A typical Carnival day in Brazil starts around 7 a.m., when the first blocos — as the free street parties are known — start their loud and colorful musical journey down the city’s streets. Drummers, stilt walkers, trumpet players and other performers, all dressed up and lacquered in glitter, attract thousands of followers.
Blocos are thematic, inspiring the costumes and songs of their followers. In Rio alone, the city authorized 500 street parties this year.
On Saturday, a dog donned an alligator costume during the Blocão dog Carnival parade, a play on words that joins “bloco” and “cão,” or dog in Portuguese. In northeastern Brazil’s Madre de Deus, there is even an aluminum can street party, where performers dress up in gigantic outfits made from approximately 1,600 cans gathered over the course of the previous months, then thoroughly washed to dispose of lingering odors.
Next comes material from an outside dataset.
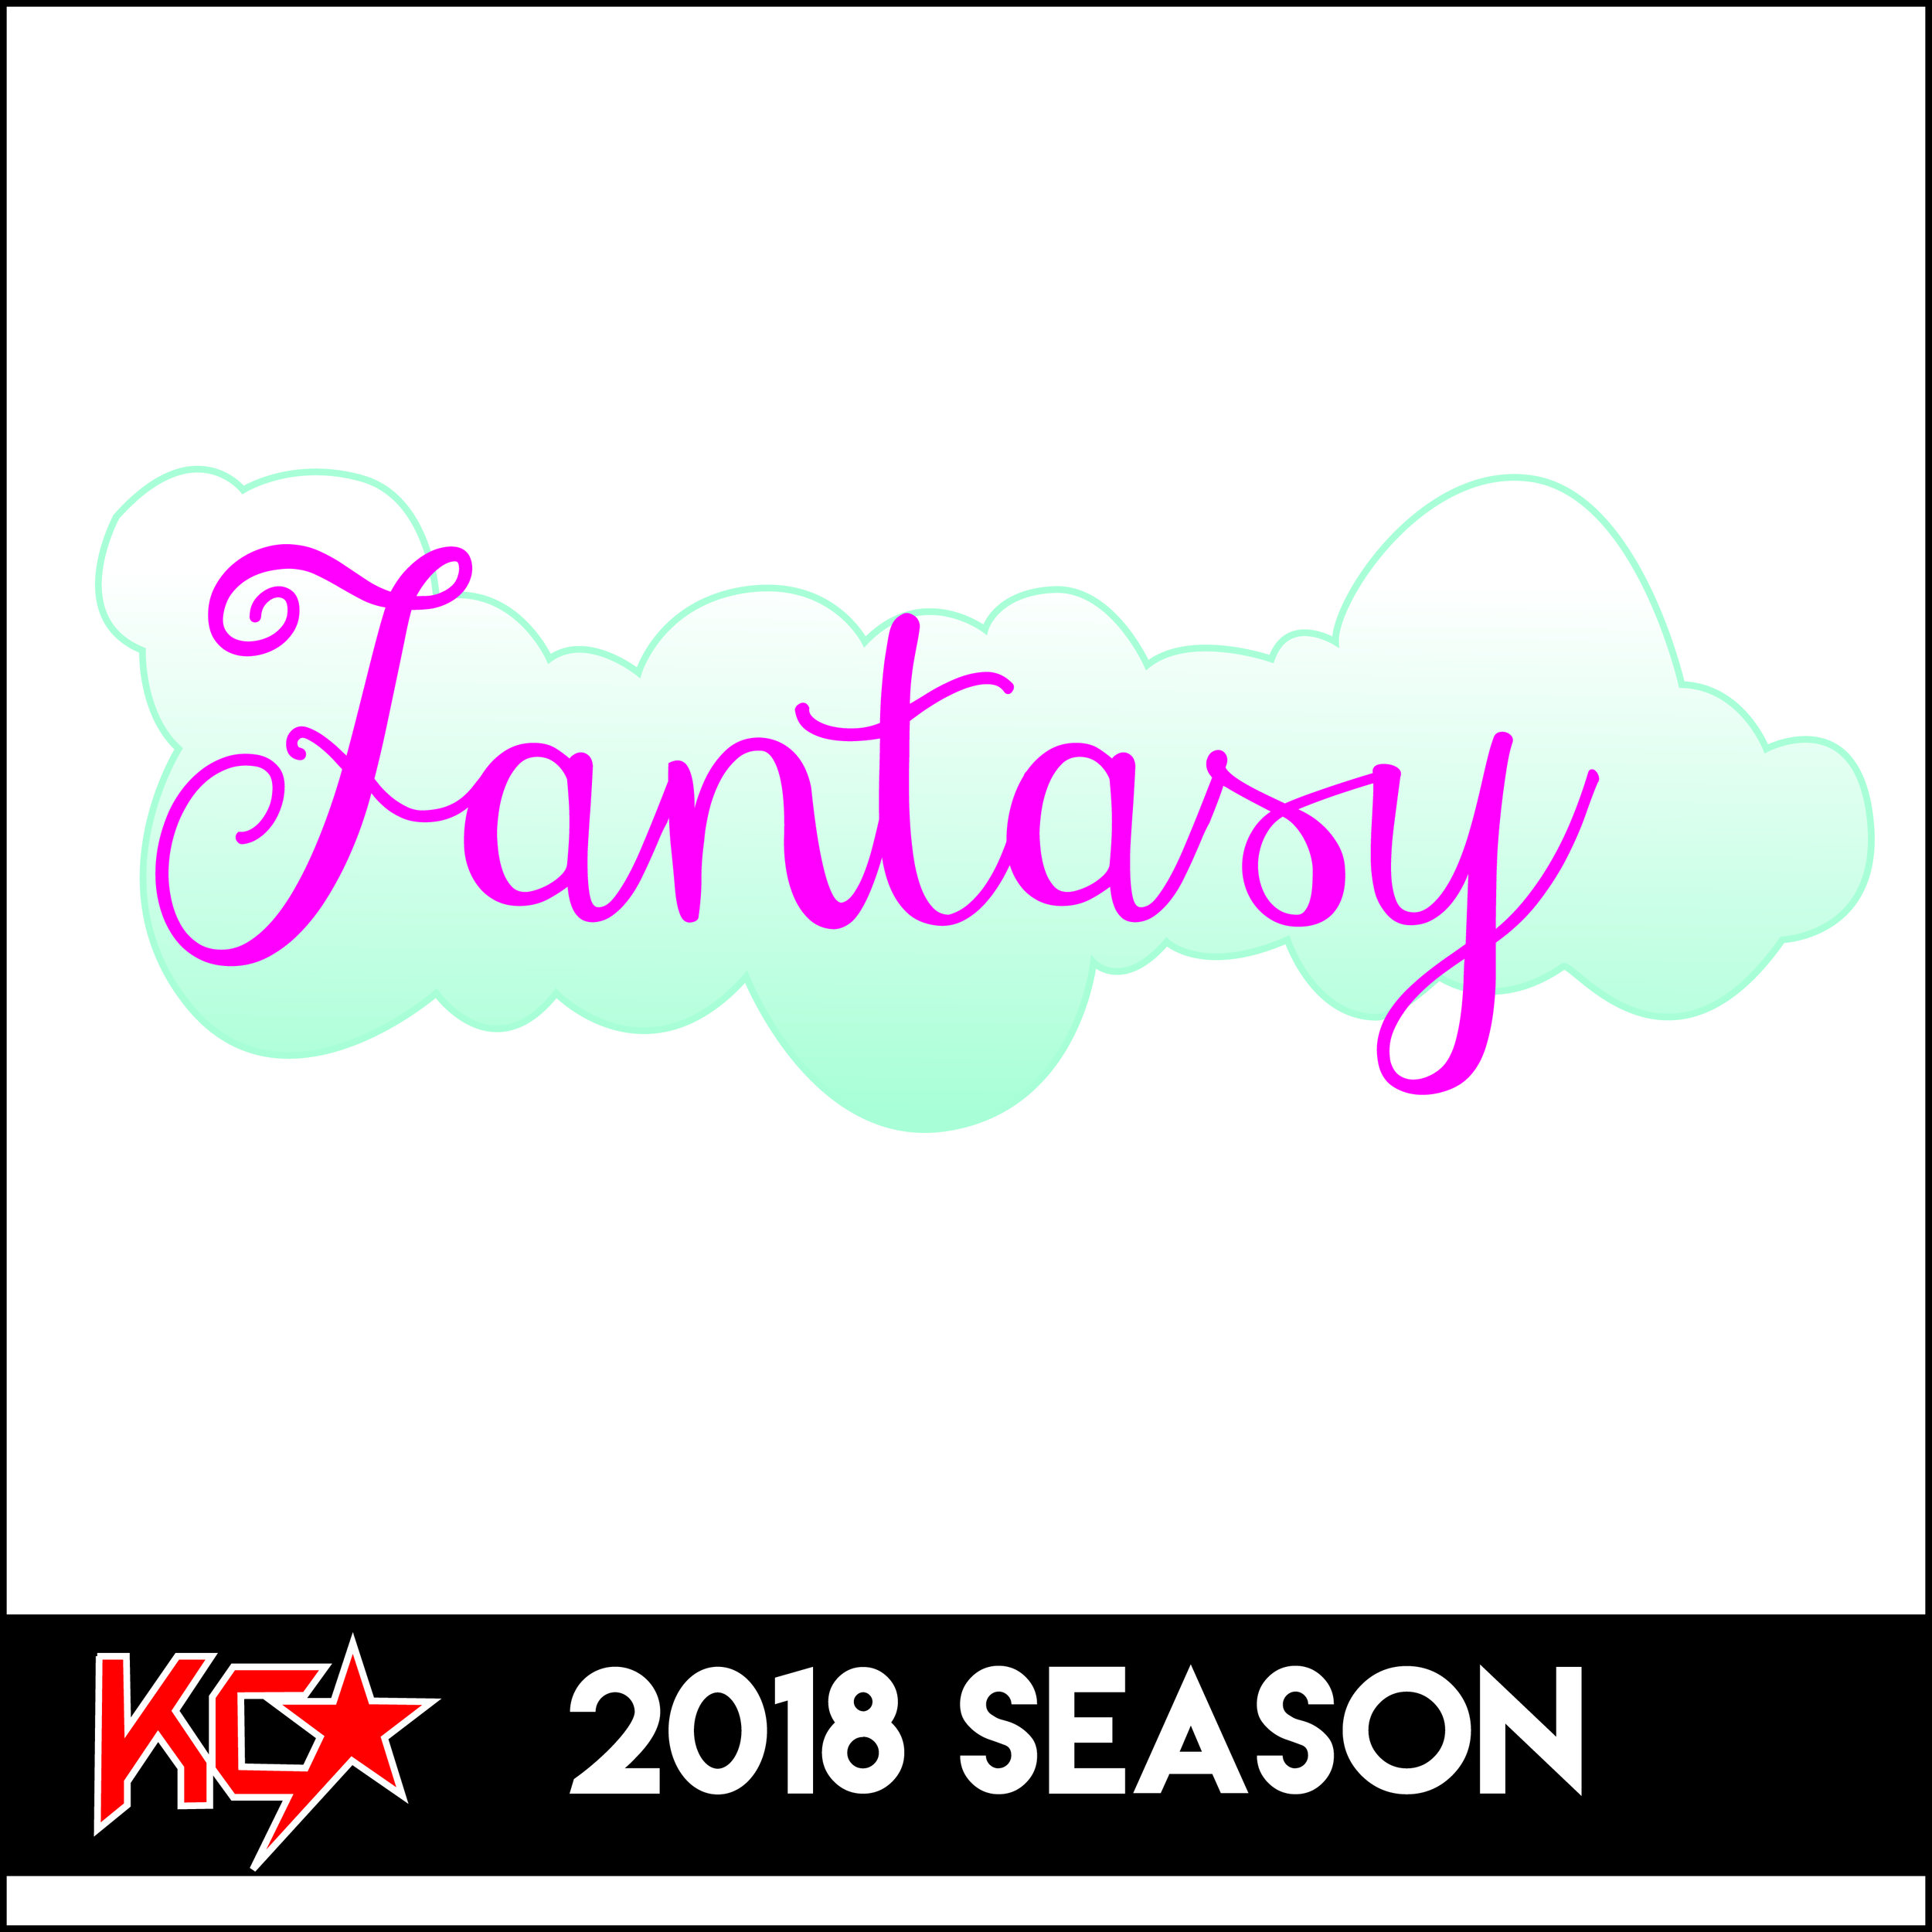 09 fantasy-01.jpg

Some blocos are powered by behemoth sound trucks known as electric trios, others by small fanfares.
From the different street parties, which usually end in the evening, some revelers move onto the Sambadrome, where samba schools parade and compete to win the annual title.
From giant unicorns to greater-than-life divinities, the samba schools spend much of the year preparing massive floats and churning out elaborate costumes to enact a parade before millions of spectators, both present and watching live on television.